Sun Yat-sen

Sun Yat-sen so͞on yät-sĕn [key], Mandarin Sun Wen, 1866–1925, Chinese revolutionary. He was born near Guangzhou into a farm-owning family. He attended (1879–82) an Anglican boys school in Honolulu, where he came under Western influence, particularly that of Christianity. In 1892 he received a diploma from a Hong Kong medical school, and he subsequently practiced medicine in that city. Thereafter all his activities were devoted to overthrowing the Ch'ing dynasty and establishing a stable Chinese republic.

Sun fled China in 1895, after an abortive revolt, and then toured the world several times to enlist the aid of overseas Chinese in financing his activities. In that period he made an intensive study of Western political and social theory and was deeply impressed with the writings of Karl Marx and Henry George. Sun organized (1905) a revolutionary league, the T'ung Meng Hui, in Japan and gradually perfected his political conceptions, which were based on the Three People's Principles: nationalism, democracy, and the people's livelihood. Revolution erupted in China, and Sun was elected provisional president of the Chinese republic in Dec., 1911, but two months later he resigned in favor of Yüan Shih-kai. Later, when Sung Chiao-jen transformed the T'ung Meng Hui into a federated political party called the Kuomintang, Sun served as its director.

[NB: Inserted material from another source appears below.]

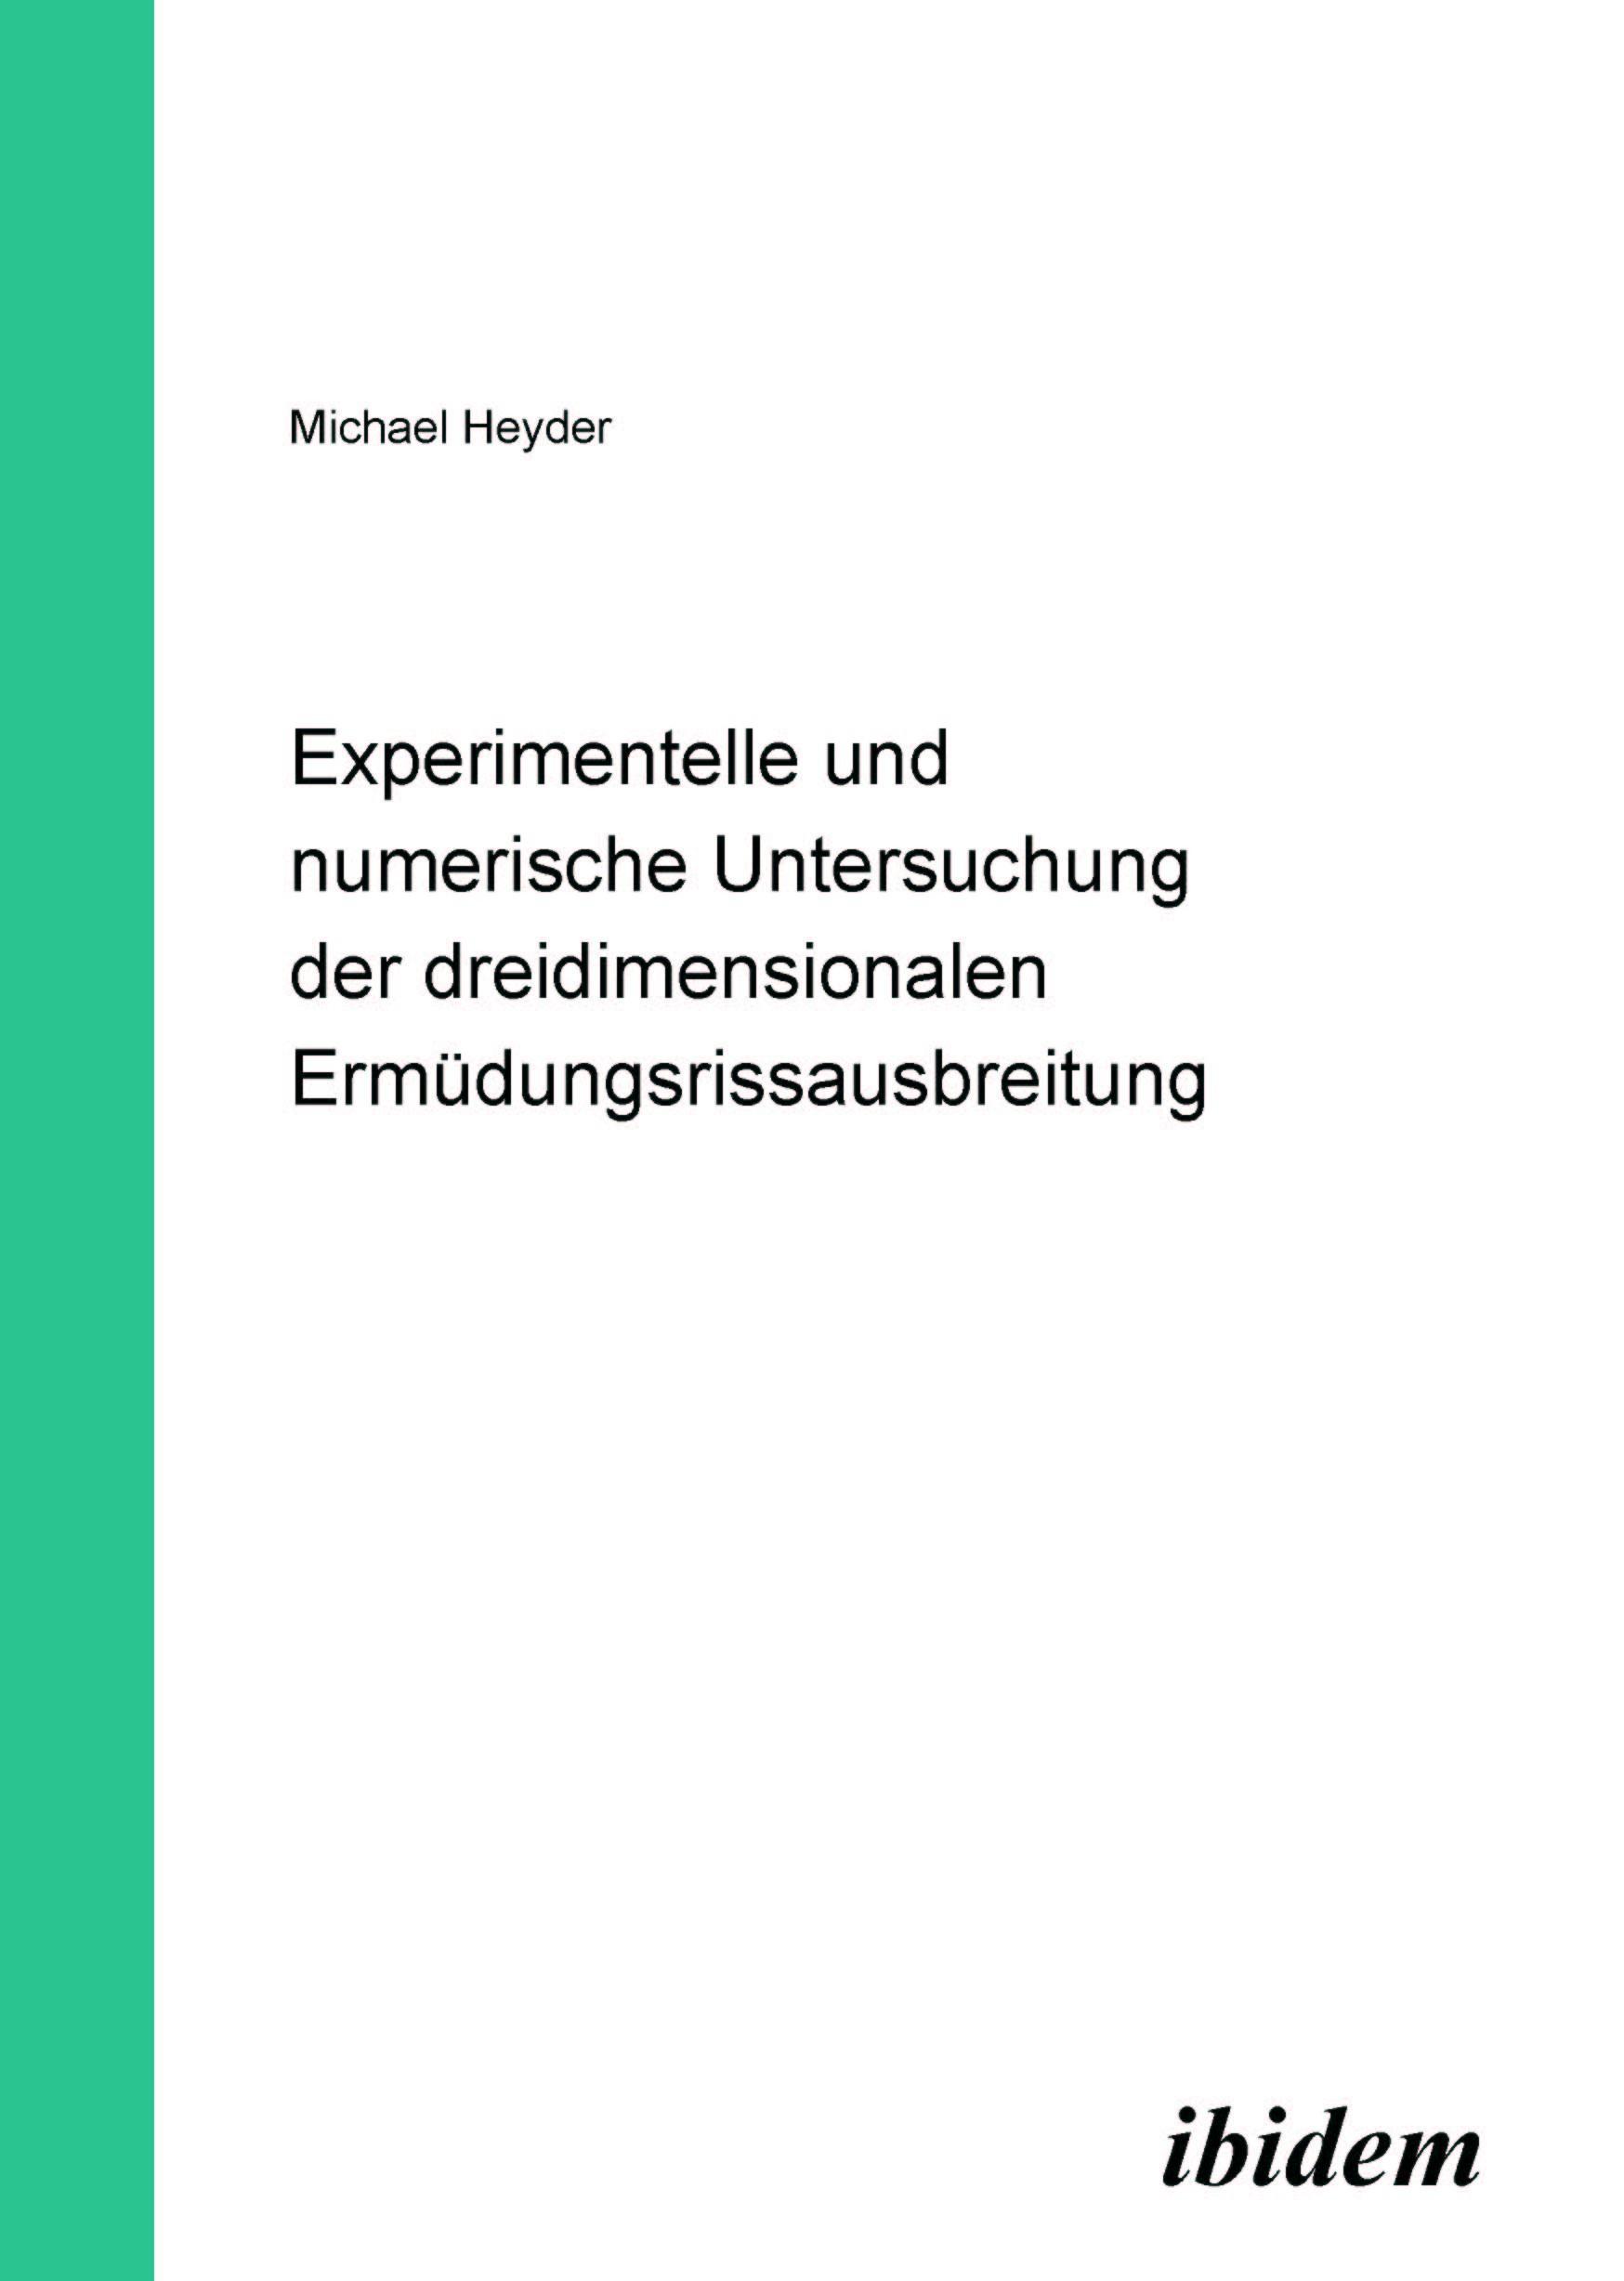 Experimentelle und numerische Untersuchung der dreidimensionalen Ermüdungsrissausbreitung

Meanwhile, opposition developed to Yüan's dictatorial methods; in 1913 Sun led an unsuccessful revolt against Yüan, and he was forced to seek asylum in Japan, where he reorganized the Kuomintang. He returned to China in 1917, and in 1921 he was elected president of a self-proclaimed national government at Guangzhou in S China. To develop the military power needed for the Northern Expedition against the militarists at Beijing, he established the Whampoa Military Academy (now Huangpu Military Academy), with Chiang Kai-shek as its commandant and with such party leaders as Wang Ching-wei and Hu Han-min as political instructors. In 1924, to hasten the conquest of China, he began a policy of active cooperation with the Chinese Communists and he accepted the help of the USSR in reorganizing the Kuomintang.

After Sun's death, when the Communists and the Kuomintang split (1927), each group claimed to be his true heirs. The official veneration of Sun's memory (especially in the Kuomintang) was a virtual cult, which centered around his tomb in Nanjing. His widow, the former Soong Ch'ing-ling (see Soong, family), whom he married in 1914, rose to a high position in the government of Communist China. He wrote San Min Chu I (tr. 1928), Memoirs of a Chinese Revolutionary (1927, repr. 1970), and Fundamentals of National Reconstruction (tr. 1953).

See biographies by L. Sharman (1934) and B. D. Martin (1952); L. S. Hsu, Sun Yat-sen, His Political and Social Ideals: A Sourcebook (1933); S. C. Leng and N. D. Palmer, Sun Yat-sen and Communism (1960); H. Z. Schiffrin, Sun Yat-sen and the Origins of the Chinese Revolution (1970); M. Wilbur, Sun Yat-sen (1977).